> **Stored data**
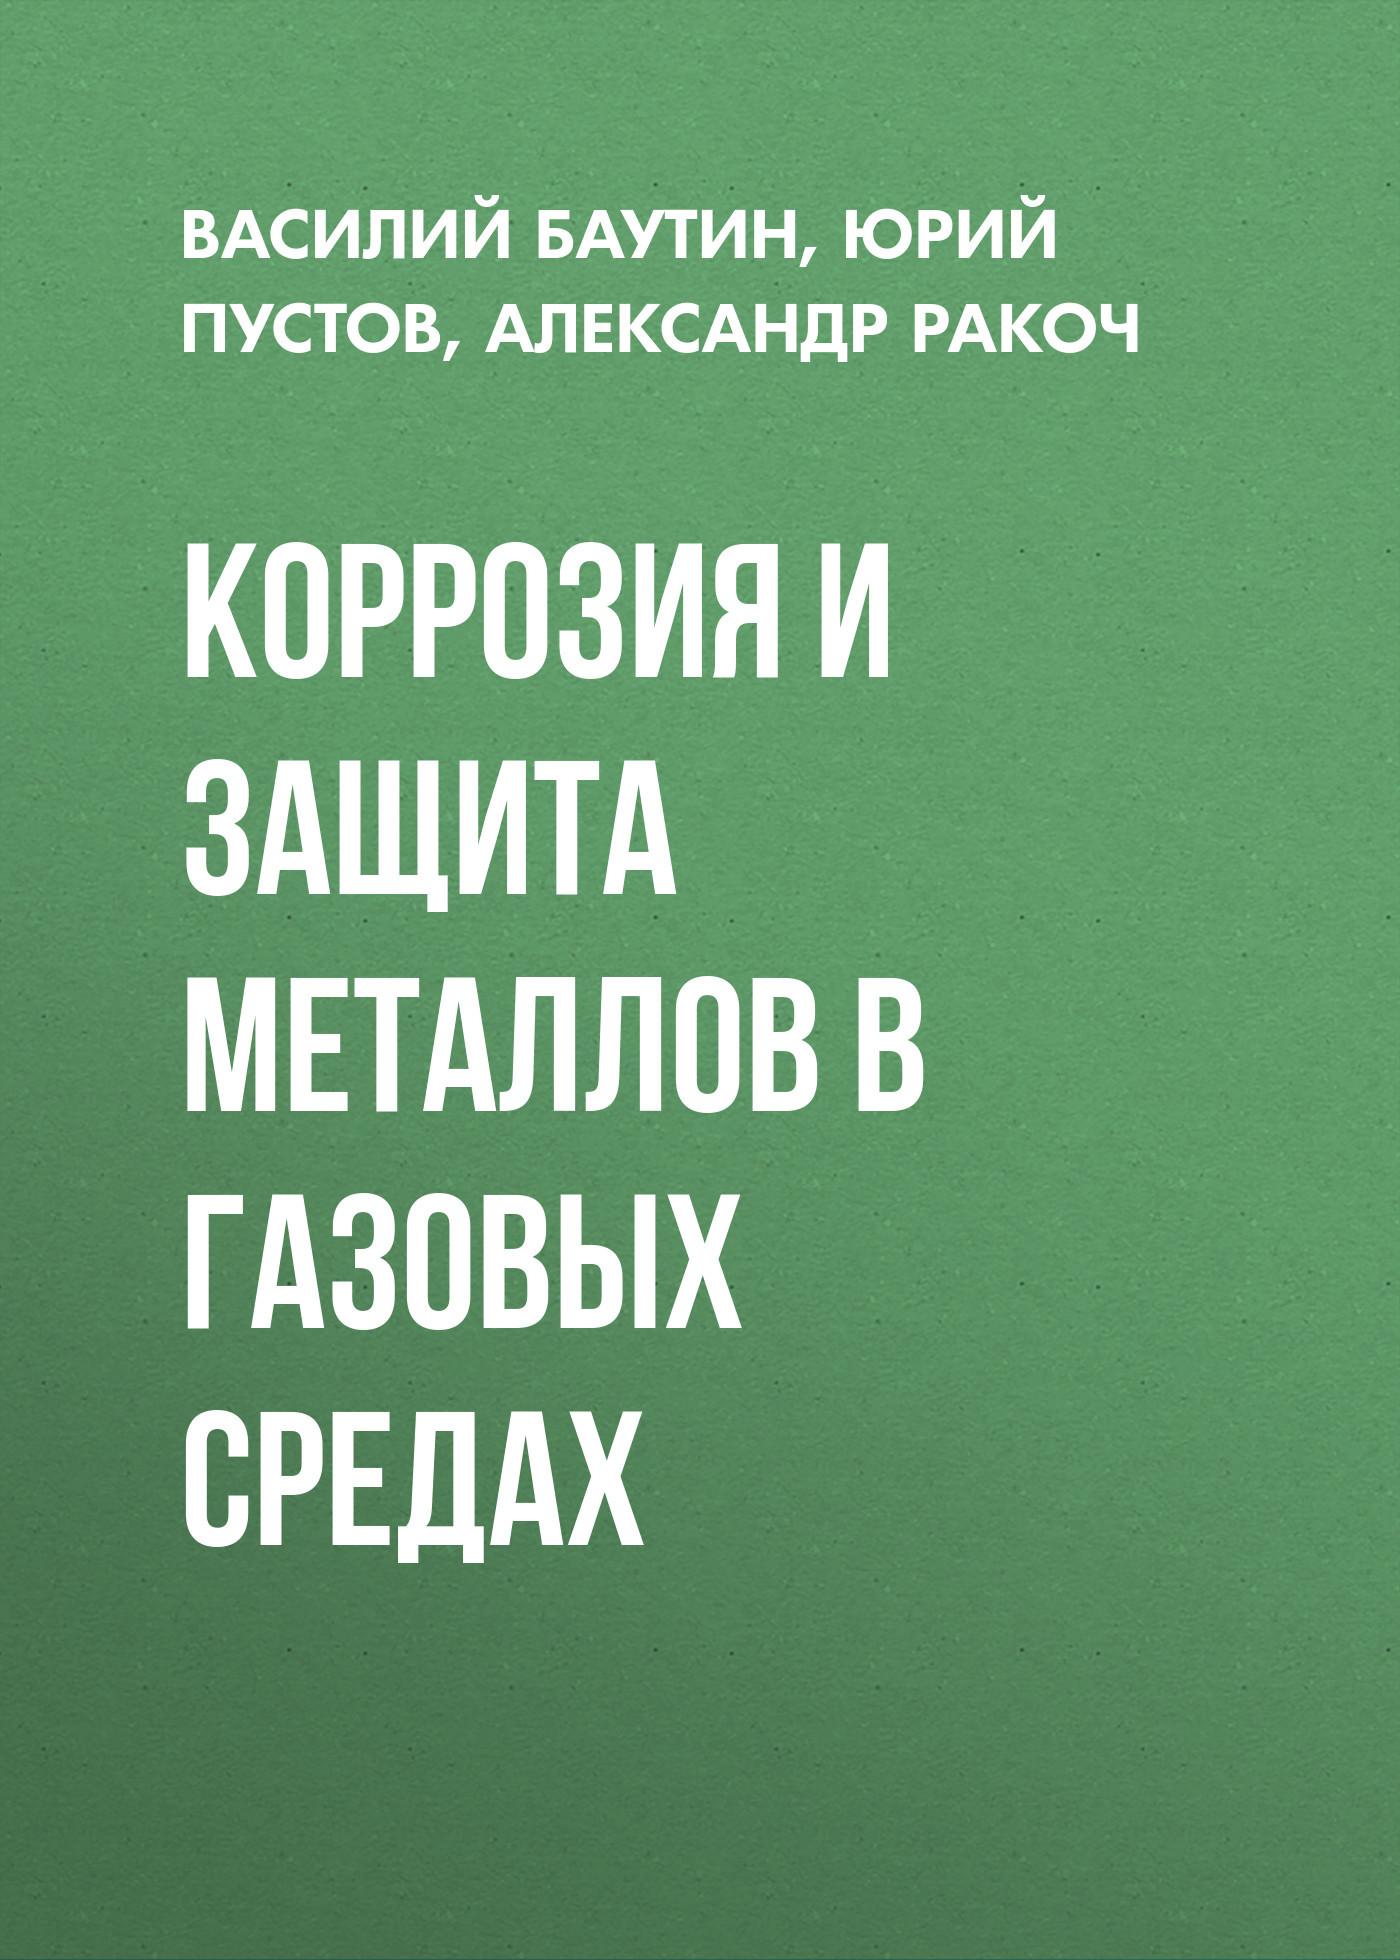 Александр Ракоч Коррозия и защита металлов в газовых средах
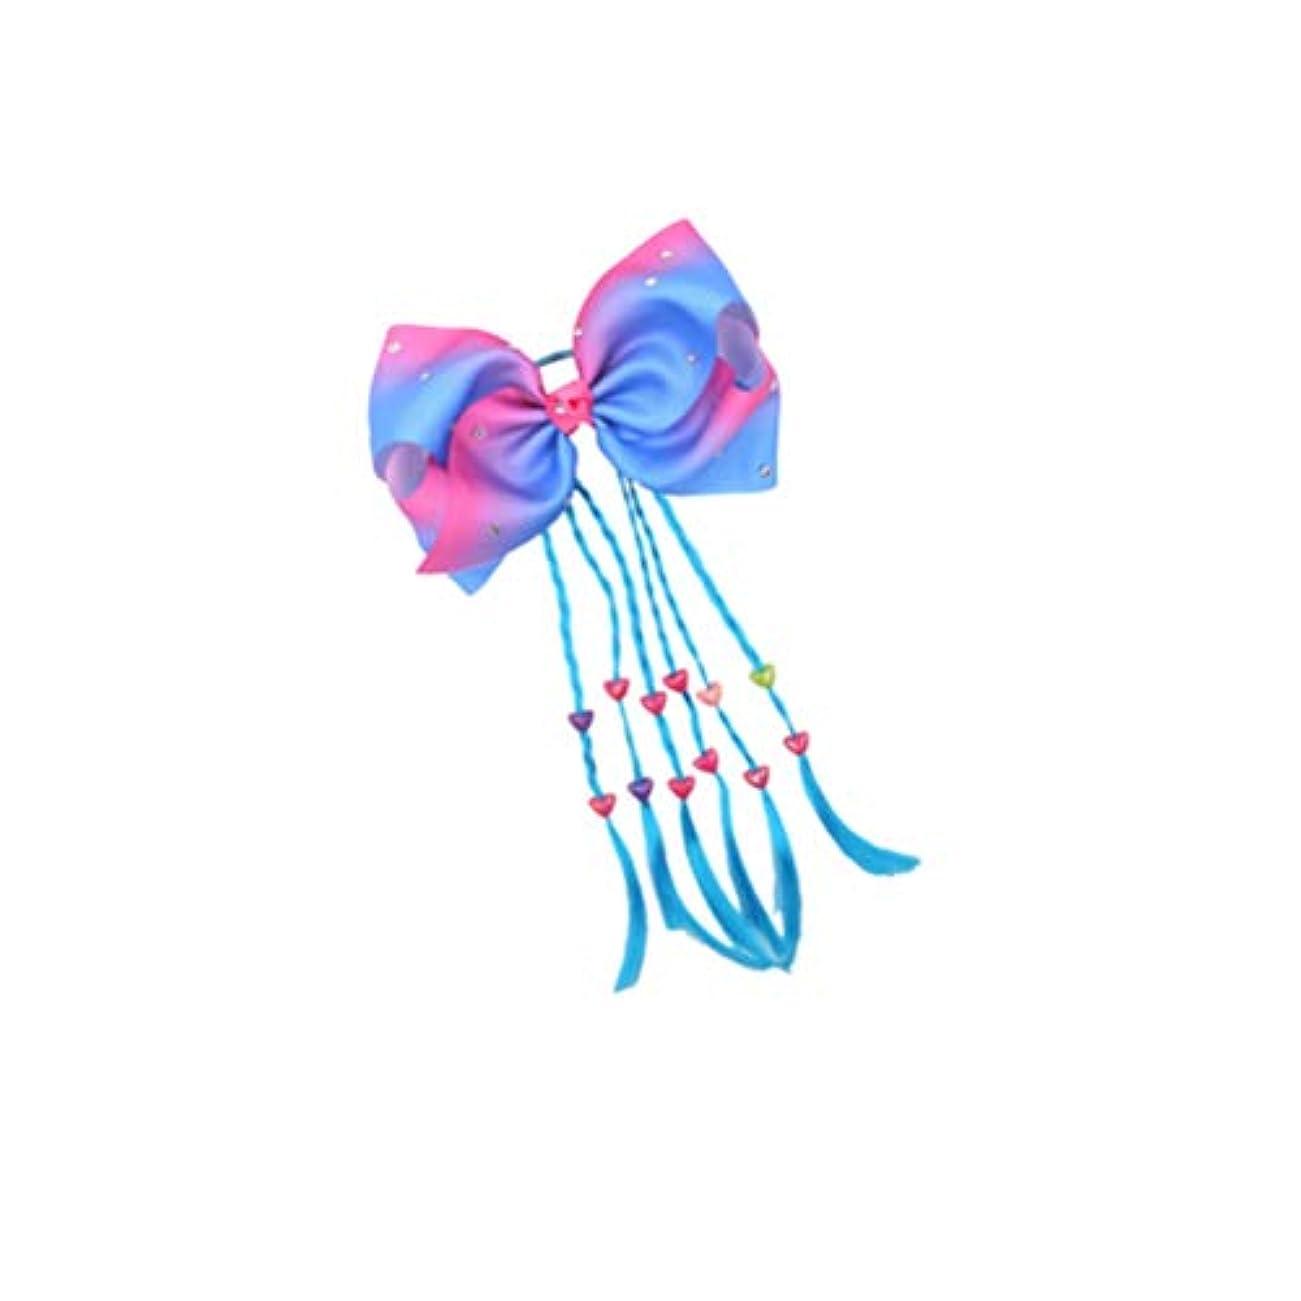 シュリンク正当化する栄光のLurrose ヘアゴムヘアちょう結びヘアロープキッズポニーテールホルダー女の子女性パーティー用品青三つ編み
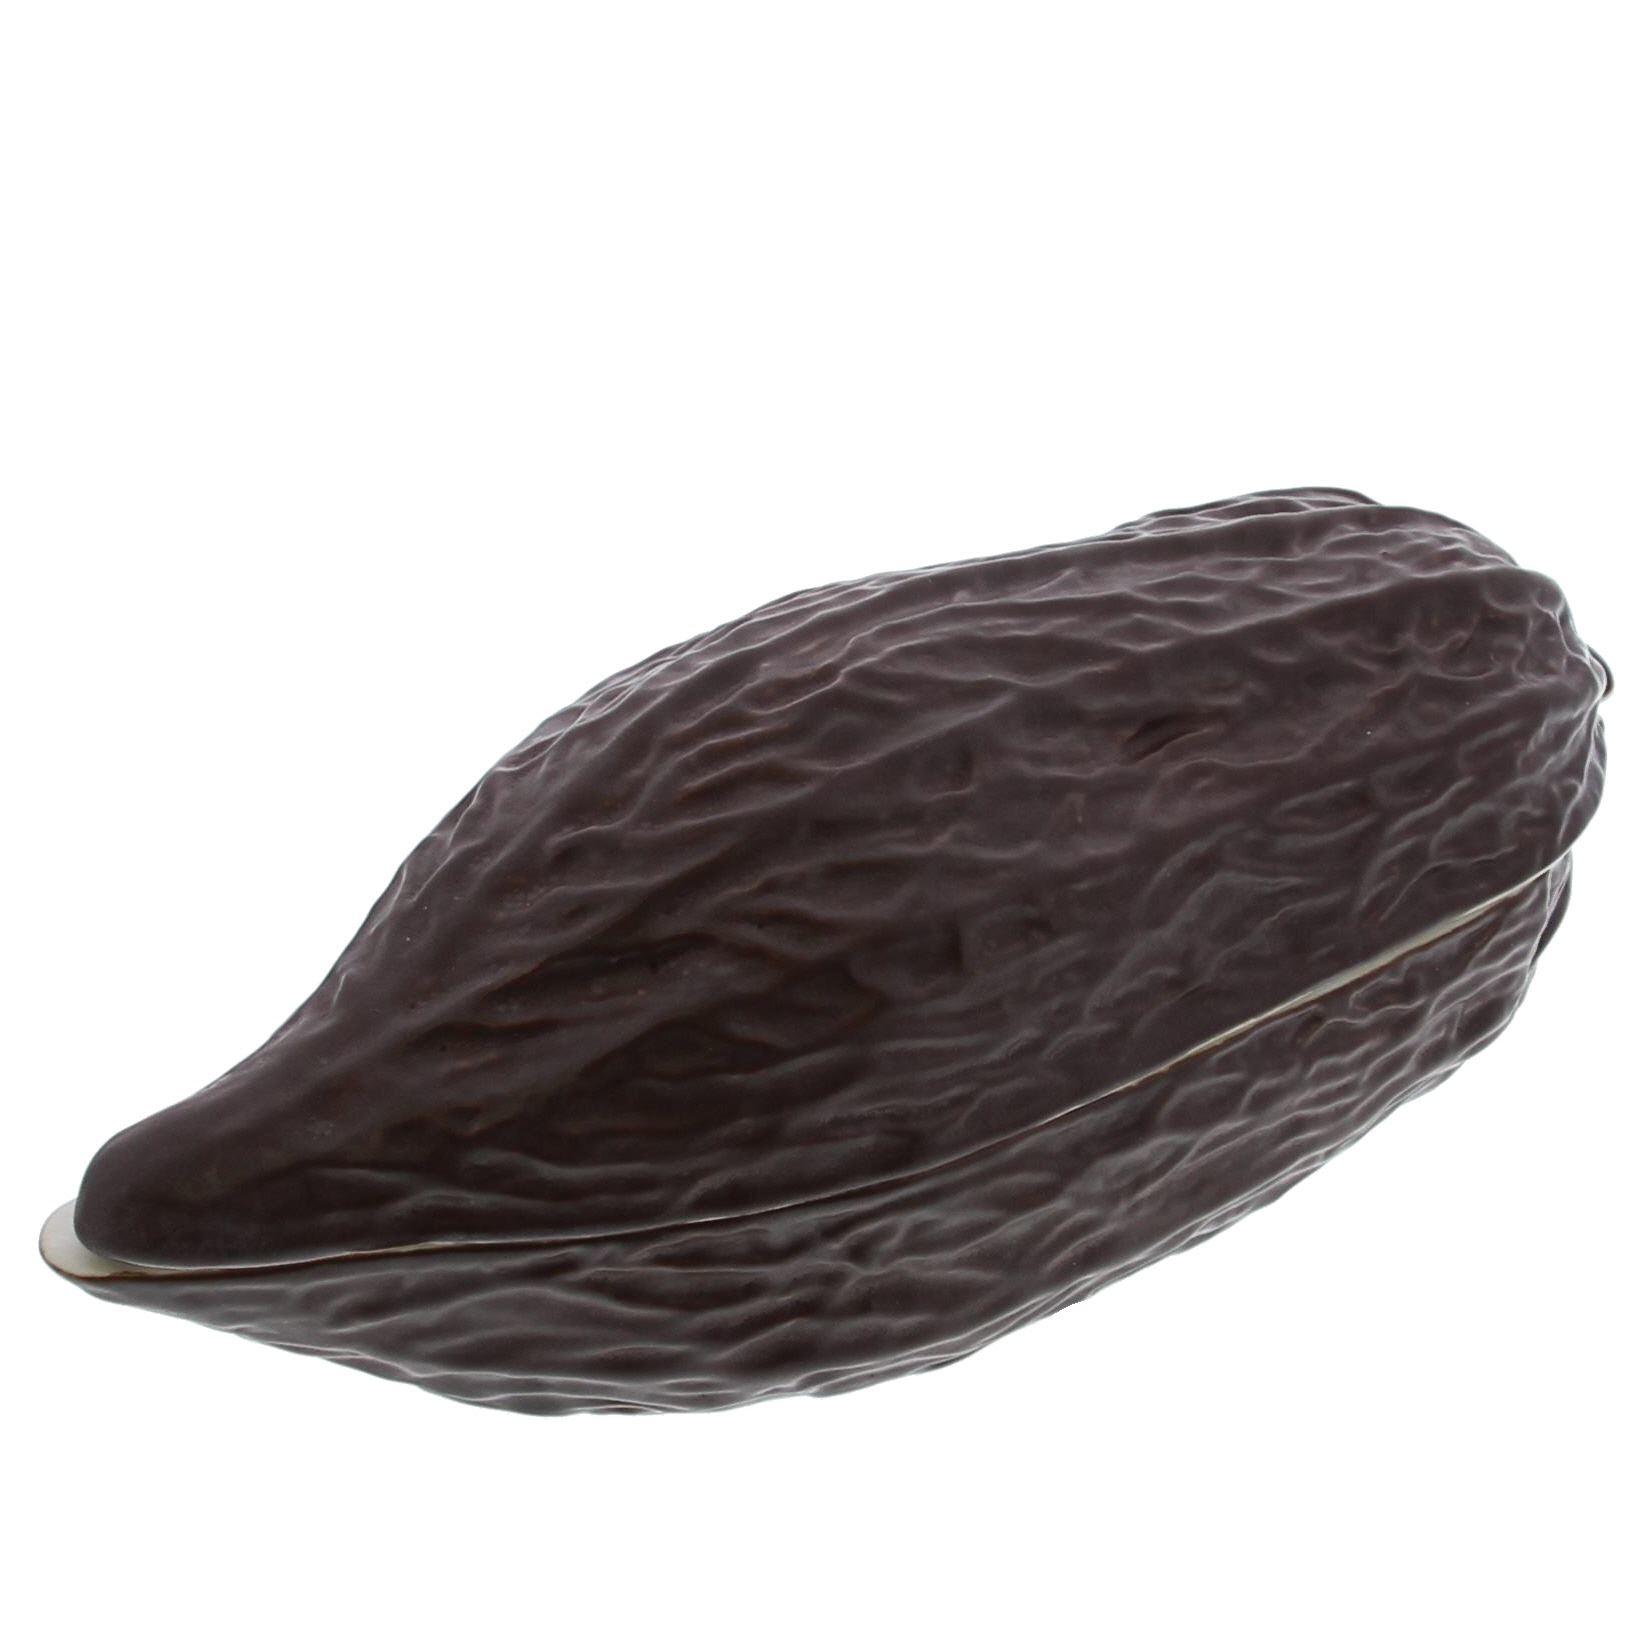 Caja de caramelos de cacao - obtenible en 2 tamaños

> **Task statement**
Starting at the line that holds "シュリンク正当化する栄光のL", copy each line exactly through the end of the material above, keeping both ends and dropping the pictures.

> **The answer**
 シュリンク正当化する栄光のLurrose ヘアゴムヘアちょう結びヘアロープキッズポニーテールホルダー女の子女性パーティー用品青三つ編み
 Caja de caramelos de cacao - obtenible en 2 tamaños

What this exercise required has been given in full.